Lithologic, faunal, seismic, and isotopic evidence from the Blake Nose (subtropical western North Atlantic) links a massive release of biogenic methane ∼55.5 million years ago to a warming of deep-ocean and high-latitude surface waters, a large perturbation in the combined ocean-atmosphere carbon cycle (the largest of the past 90 million years), a mass extinction event in benthic faunas, and a radiation of mammalian orders. The deposition of a mud clast interval and seismic evidence for slope disturbance are associated with intermediate water warming, massive carbon input to the global exogenic carbon cycle, pelagic carbonate dissolution, a decrease in dissolved oxygen, and a benthic foraminiferal extinction event. These events provide evidence to confirm the gas hydrate dissociation hypothesis and identify the Blake Nose as a site of methane release.

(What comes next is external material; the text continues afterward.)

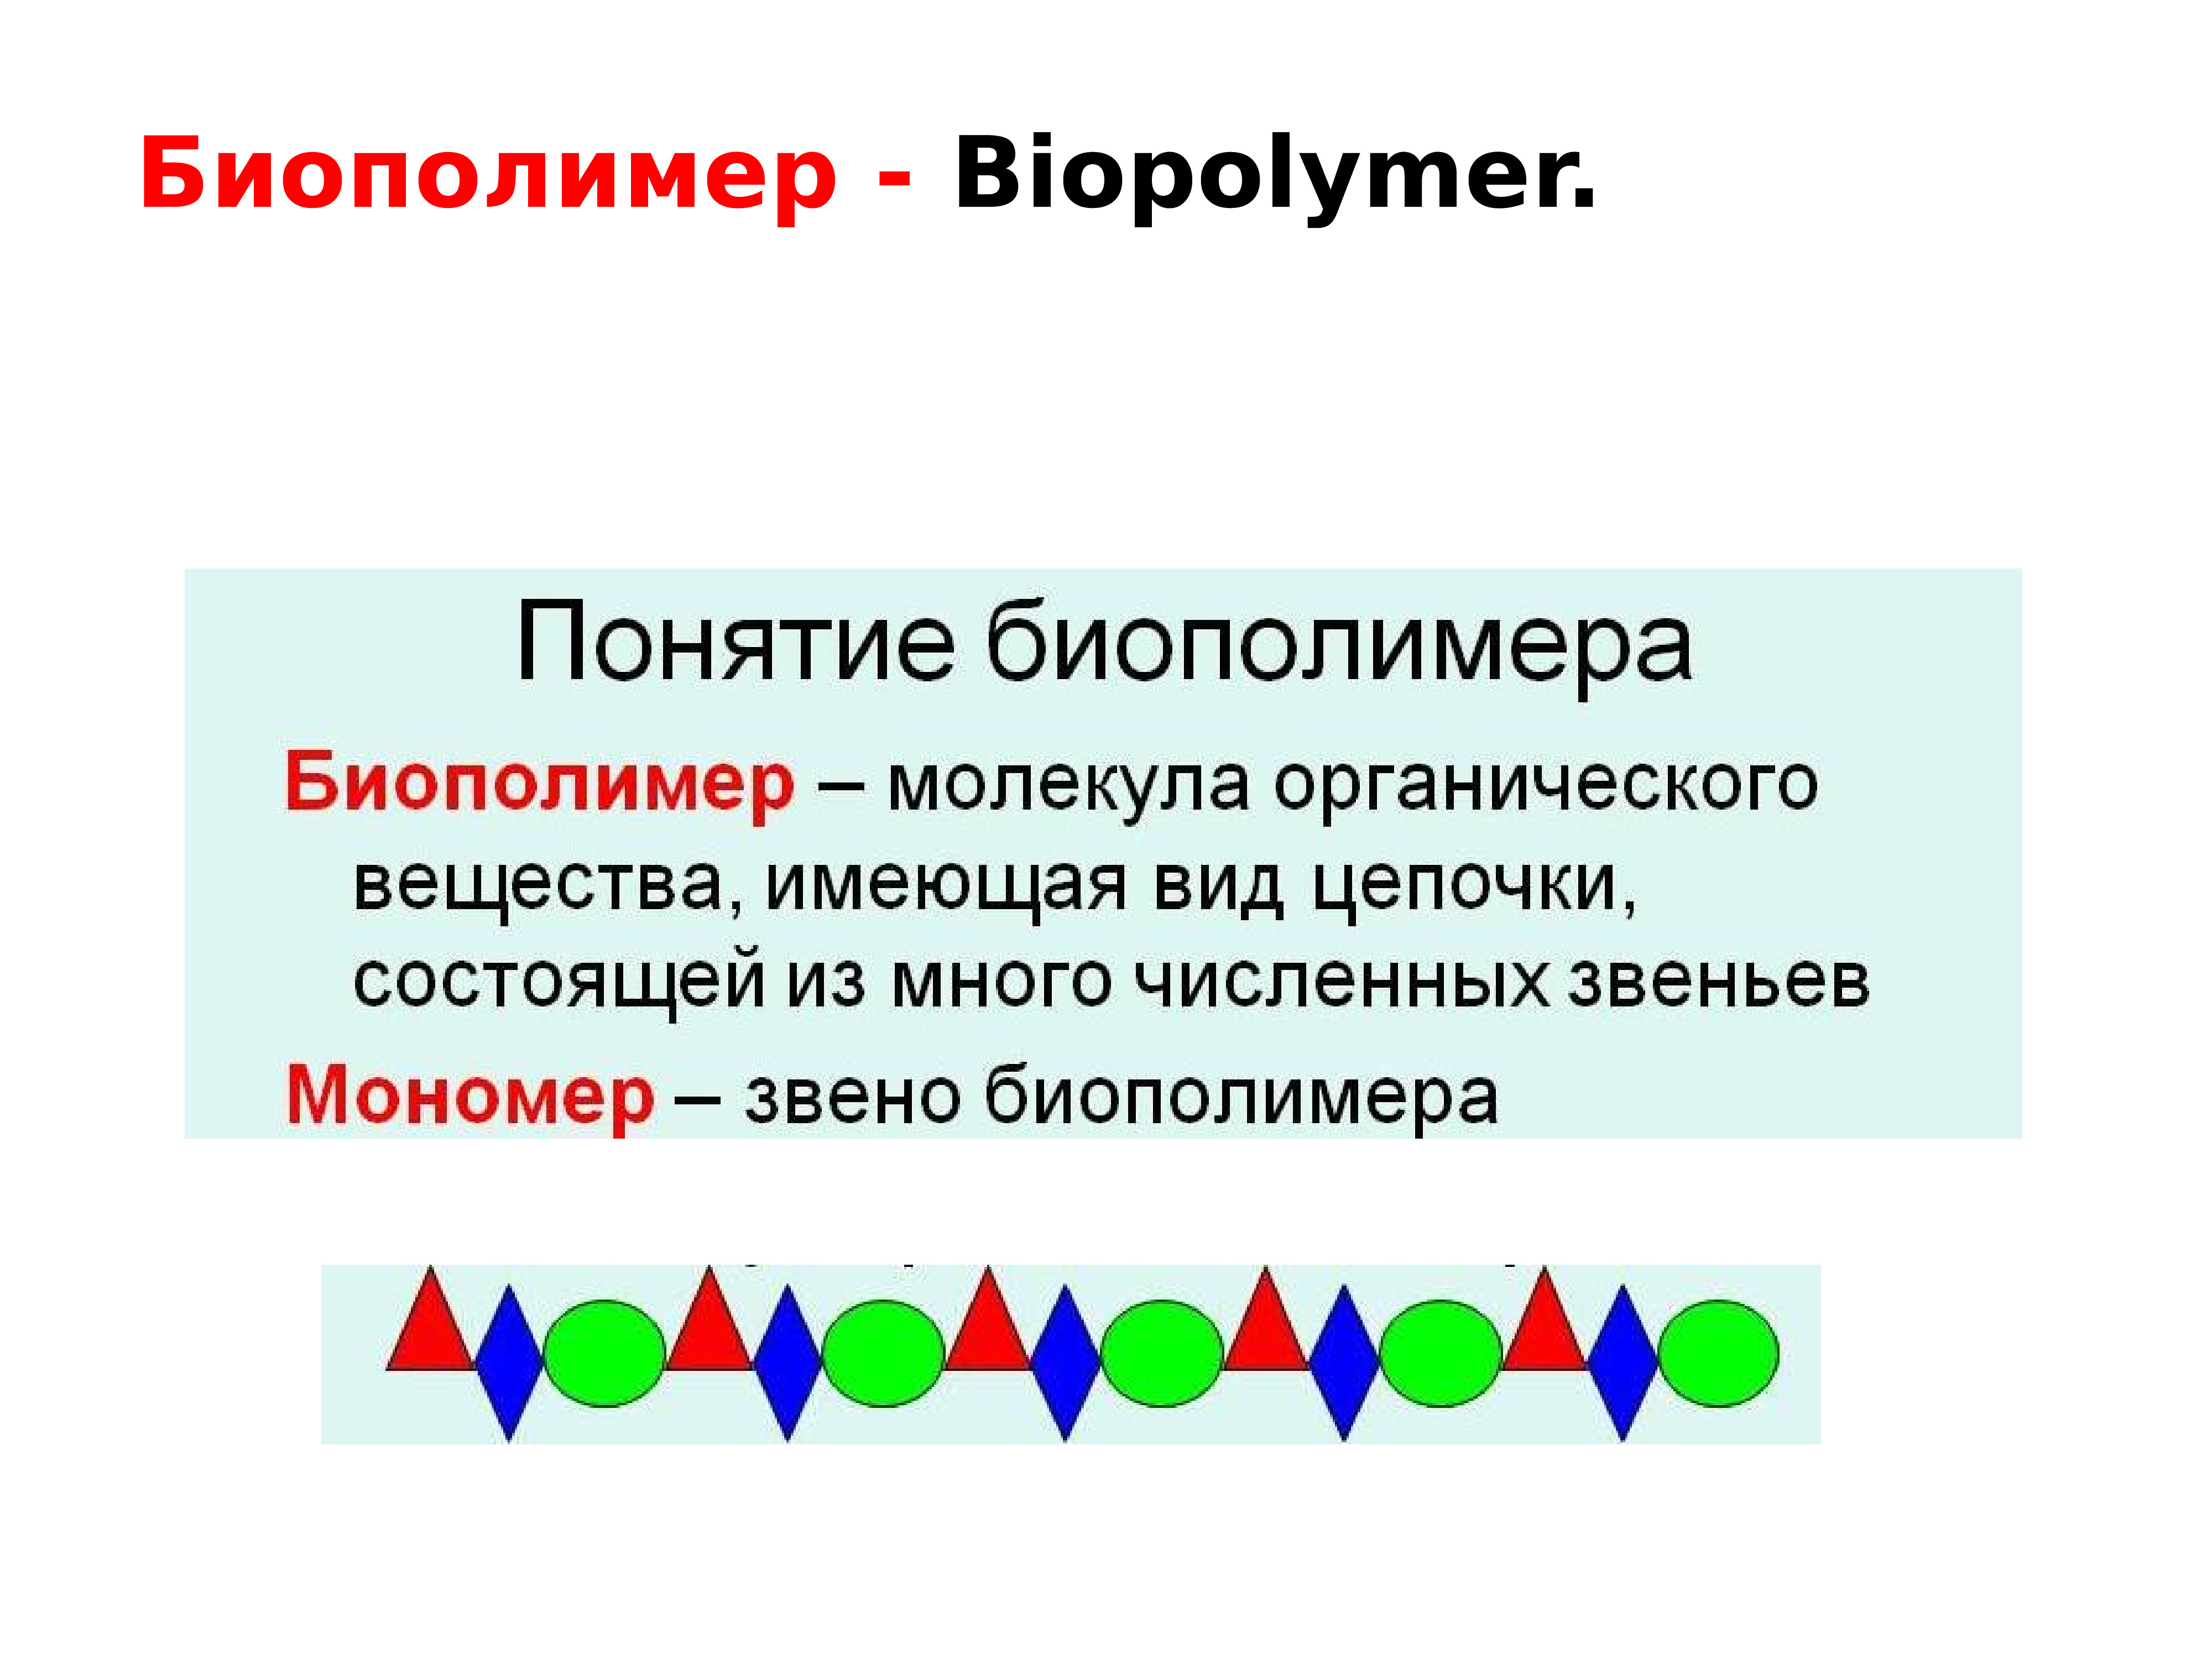 Характеристики биополимеров

Over a 10,000- to 20,000-year interval about 55.5 million years ago (1, 2), Earth's climate and oceans warmed as deep-ocean and high-latitude surface water temperatures soared by 4° to 8°C (3–6), numerous mammalian orders (including primates) suddenly appeared in the geologic record (7), and many deep-sea species became extinct [foraminifera (3, 5, 8–12)] or disappeared temporarily [ostracodes (12)]. This extraordinary event, the latest Paleocene thermal maximum (LPTM) (4), coincided with a remarkable decrease in the 13C/12C ratio of global carbon reservoirs (2, 5, 8–11, 13–15) that has been explained by the addition of isotopically light CO2 to the ocean, comparable to present-day fossil fuel input to the atmosphere (5, 15, 16). All of these observations have been linked by a single hypothesis (Fig. 1) involving a sudden change in ocean circulation and rapid escape of 1 × 1018 to 2 × 1018 g of CH4 from marine gas hydrate reservoirs on continental slopes (11, 15–18). Nonetheless, without appropriate Paleocene continental slope sections, evidence for the theoretical CH4 release has been lacking. Results presented here provide critical evidence to support rapid, massive CH4input to the ocean during the LPTM.

Figure 1

Schematic of the LPTM hydrate dissociation hypothesis (15). Model assumptions include a pure CH4 hydrate/seawater system, hydrostatic pressure gradient = 0.10 MPa/m, geotherm = 0.03°C/m, and initial bottom water temperature = 11°C. Pal, Paleocene. Modified from (15, 18, 24).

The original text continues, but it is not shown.